EAPPI helps build peace and work for justice in the Holy Land

Tammie walked children to this school in Hebron, where here soldiers came to detain young students who were supposedly throwing rocks. This is Tammie's photo.

ELCA member Tammie Danielsen spent the winter in Hebron this past year as an Ecumenical Accompanier with the Ecumenical Accompaniment Programme for Palestine and Israel (EAPPI).  There she walked children to school to be a presence to prevent violence from Israeli settler attacks, as well as lived in solidarity and community with the local Palestinian residents. 
 
Tammie is featured in an article this month in the Lutheran.
 
Hebron has been divided into two zones since 1997. The area under the control of the civilian Palestinian Authority is populated by some 120,000 Palestinians.
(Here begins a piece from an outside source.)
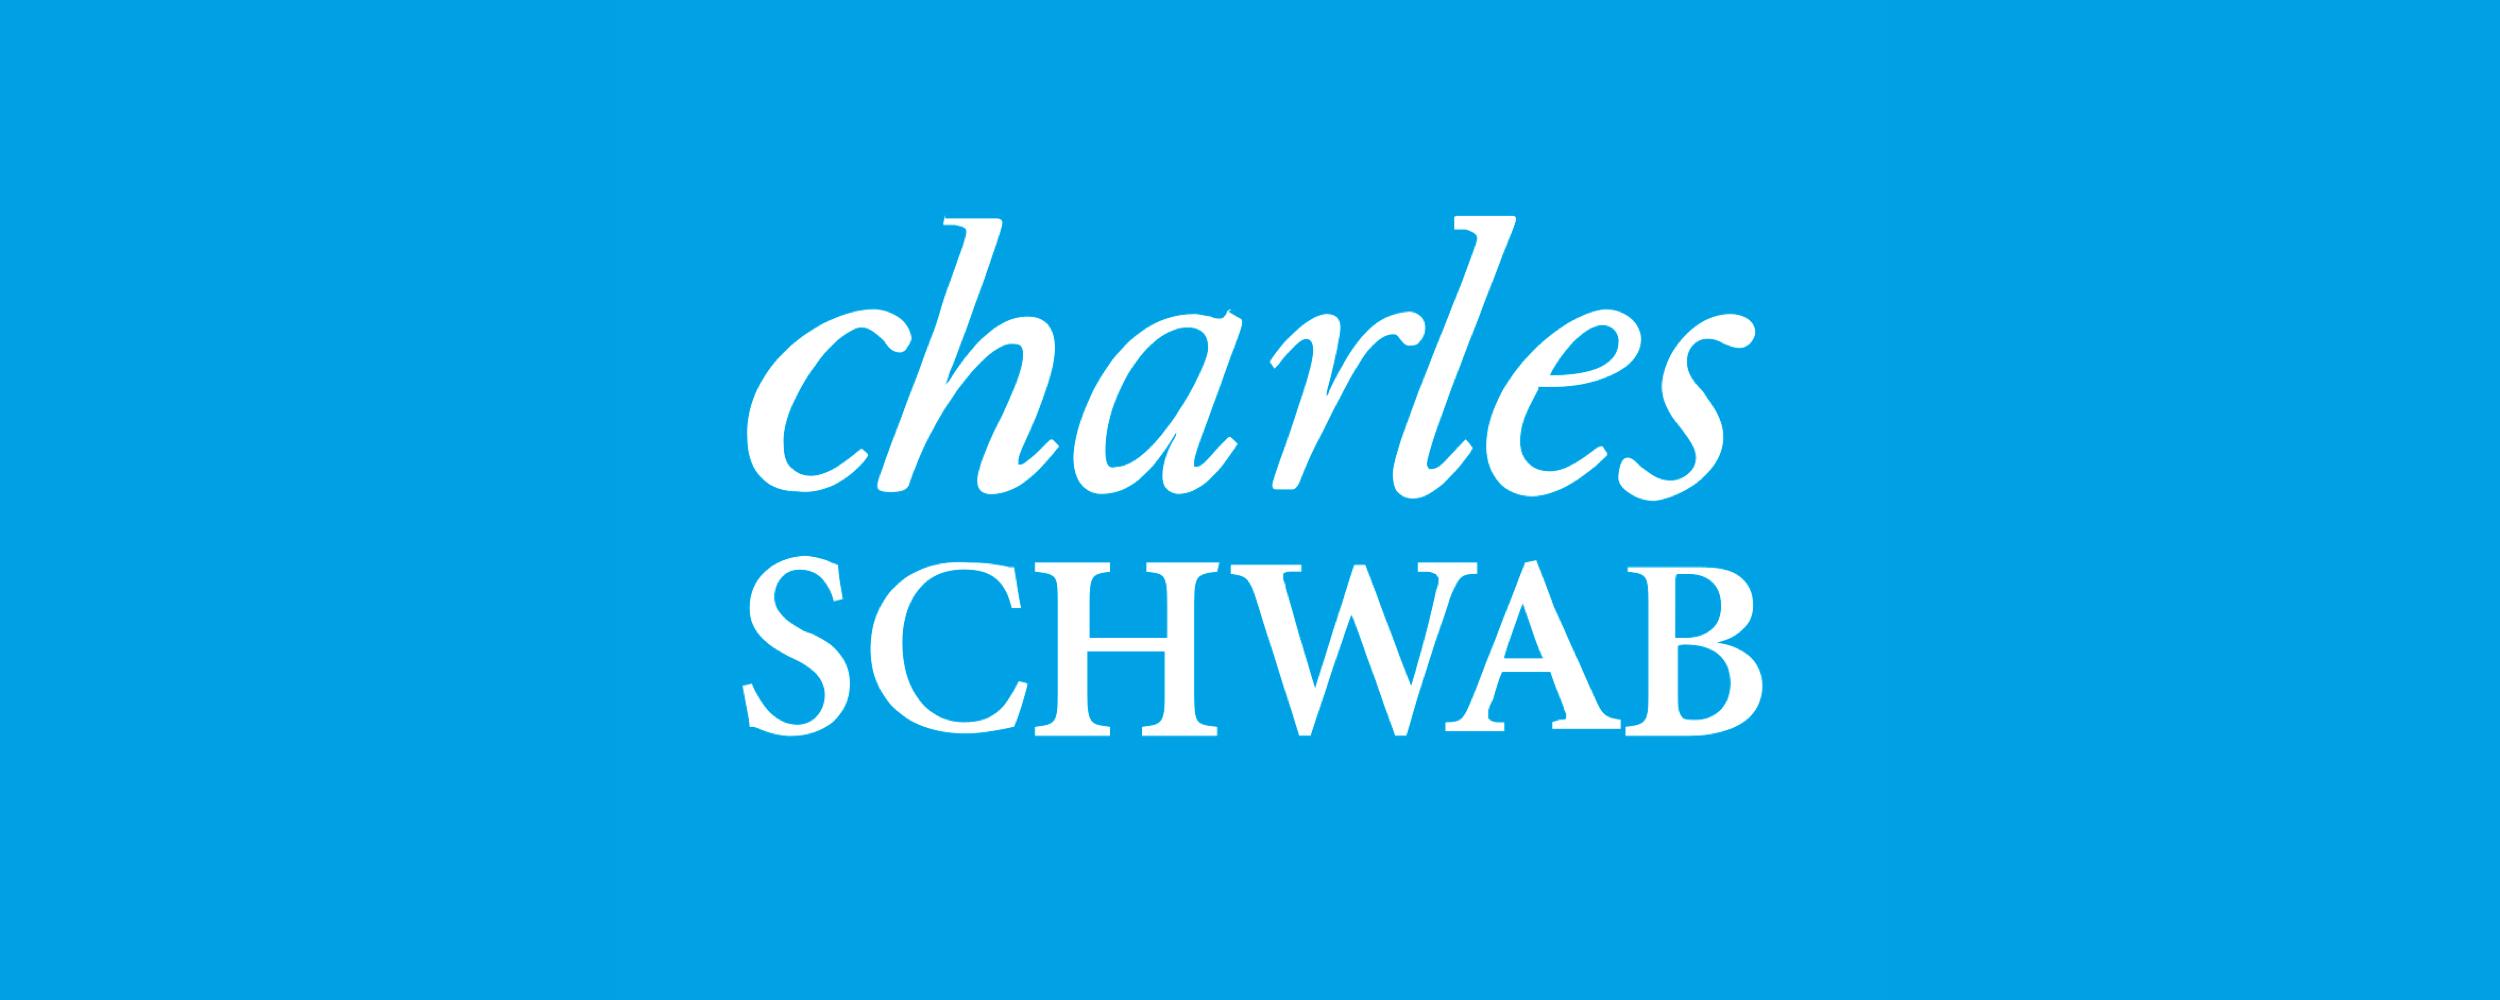 Charles Schwab Golden Valley, MN Channel Your Wealth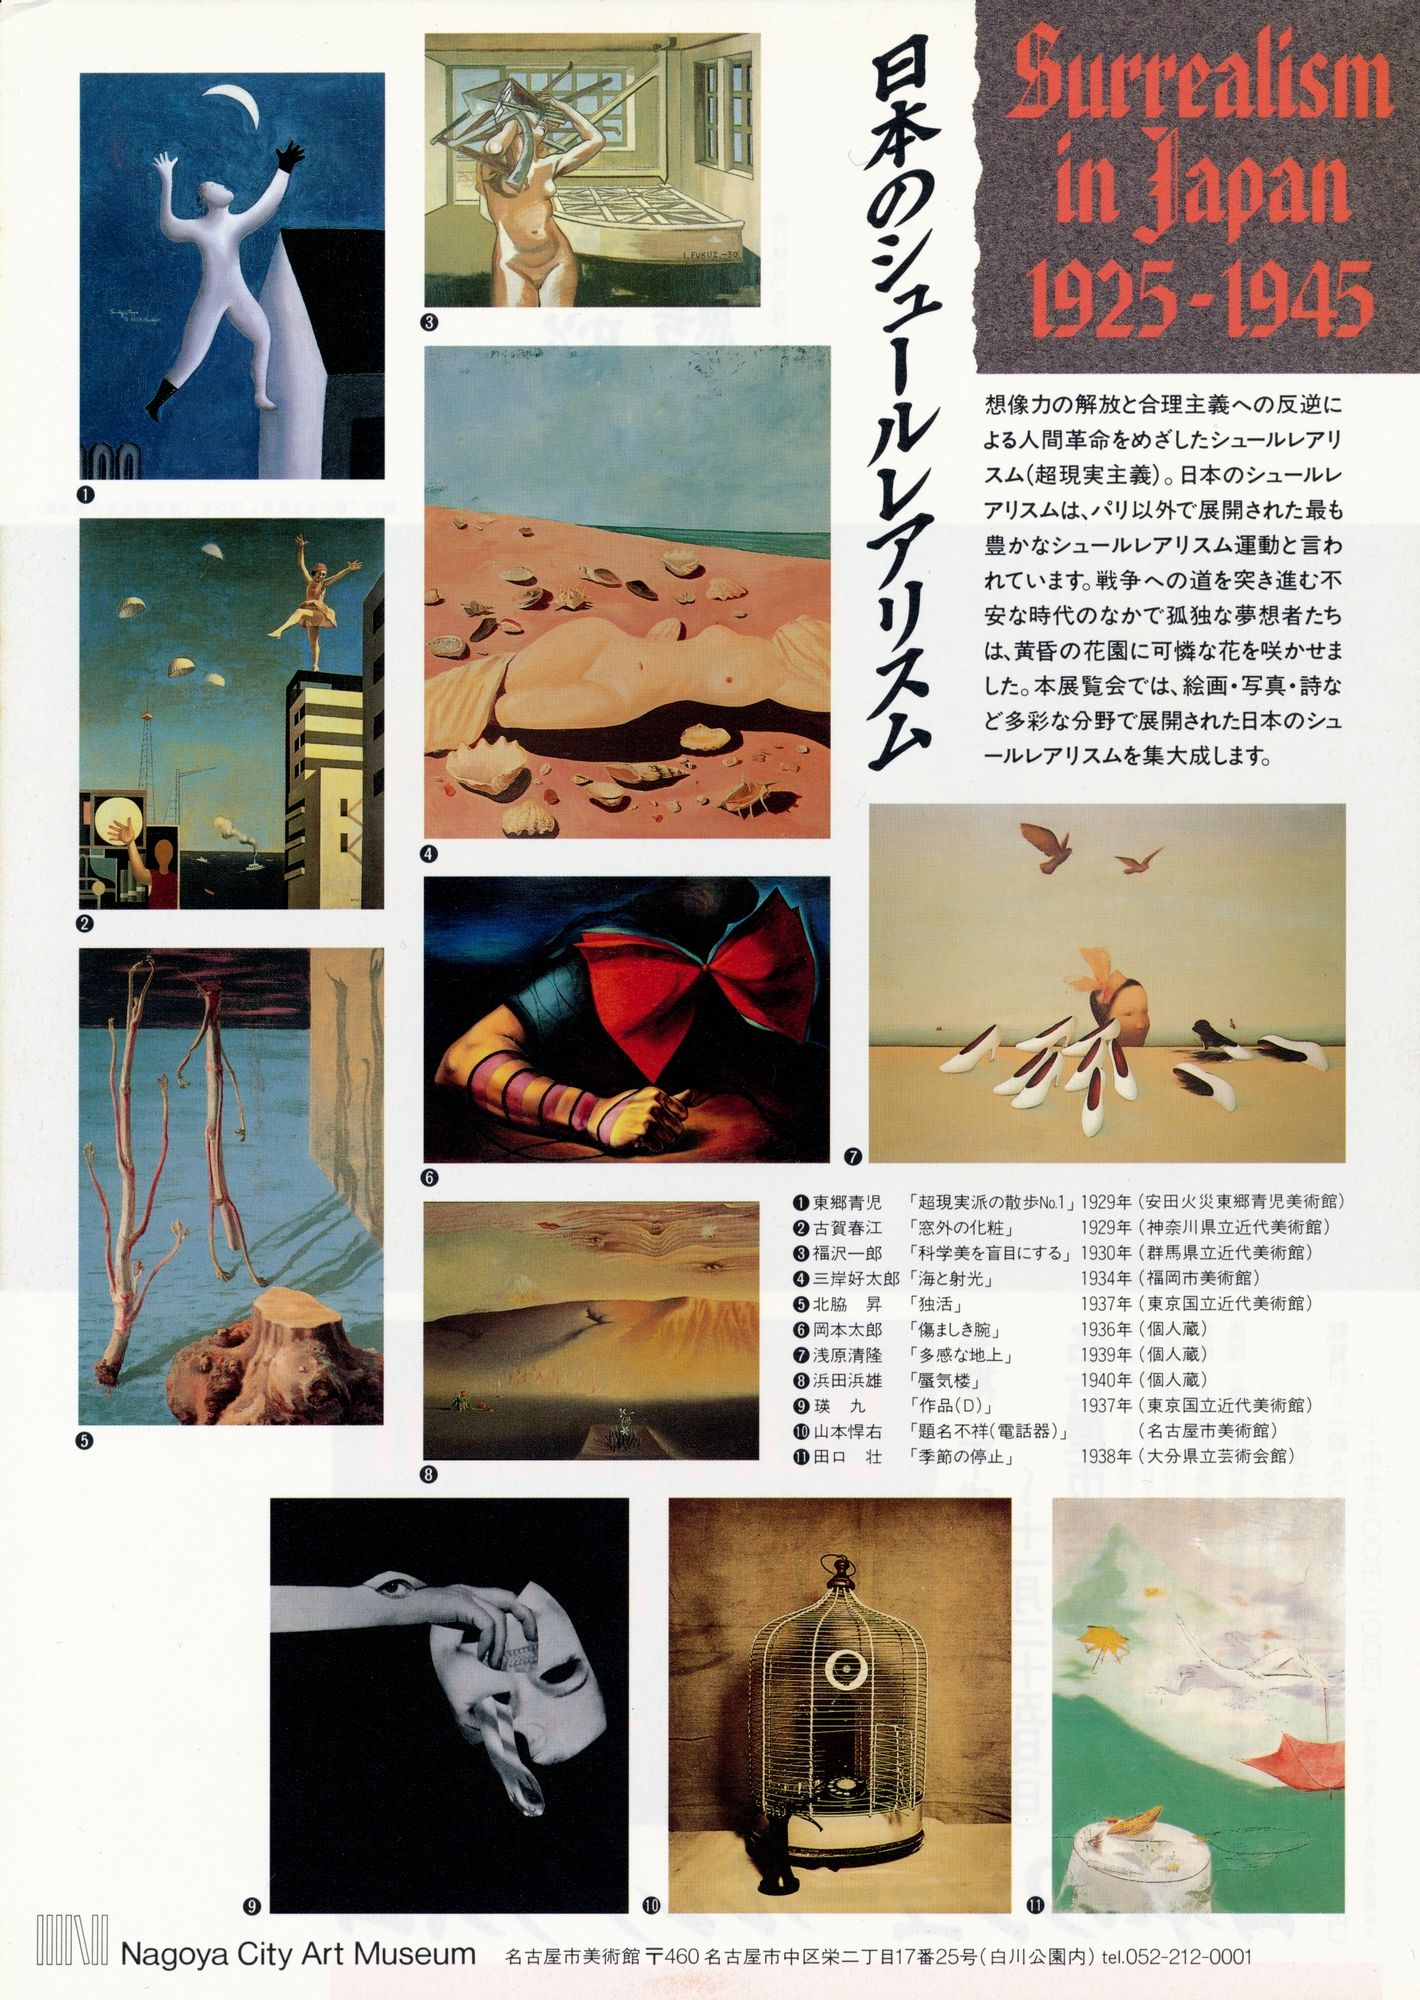 Surrealism in Japan 1925 - 1945, Nagoya City Art Museum 1990. photo on the bottom center / Buddhist Temple's Birdcage by Kansuke Yamamoto 1940.写真下中央;山本悍右 昭和15年

The zone under Israeli military control is home to 30,000 Palestinians and 500 Israeli settlers.  The settlers – and military stationed there because of them –
have free access to areas, while some 1,830 Palestinian shops in the city center have closed due to restrictions on Palestinian movement, curfews and the sealing off of entire streets to Palestinians by the Israeli military.
 
EAPPI is an organization of the World Council of Churches begun in 2002 in response to the Jerusalem heads of churches request for other Christians to “come and see” what was happening in the Holy Land.  Volunteers spend three months in one of many sites accompanying the local residents as they work for peace and justice and to end the occupation.  The ELCA has sent more accompaniers from the US than any other US denomination.  For more information about the US program, see http://www.eappi-us.org.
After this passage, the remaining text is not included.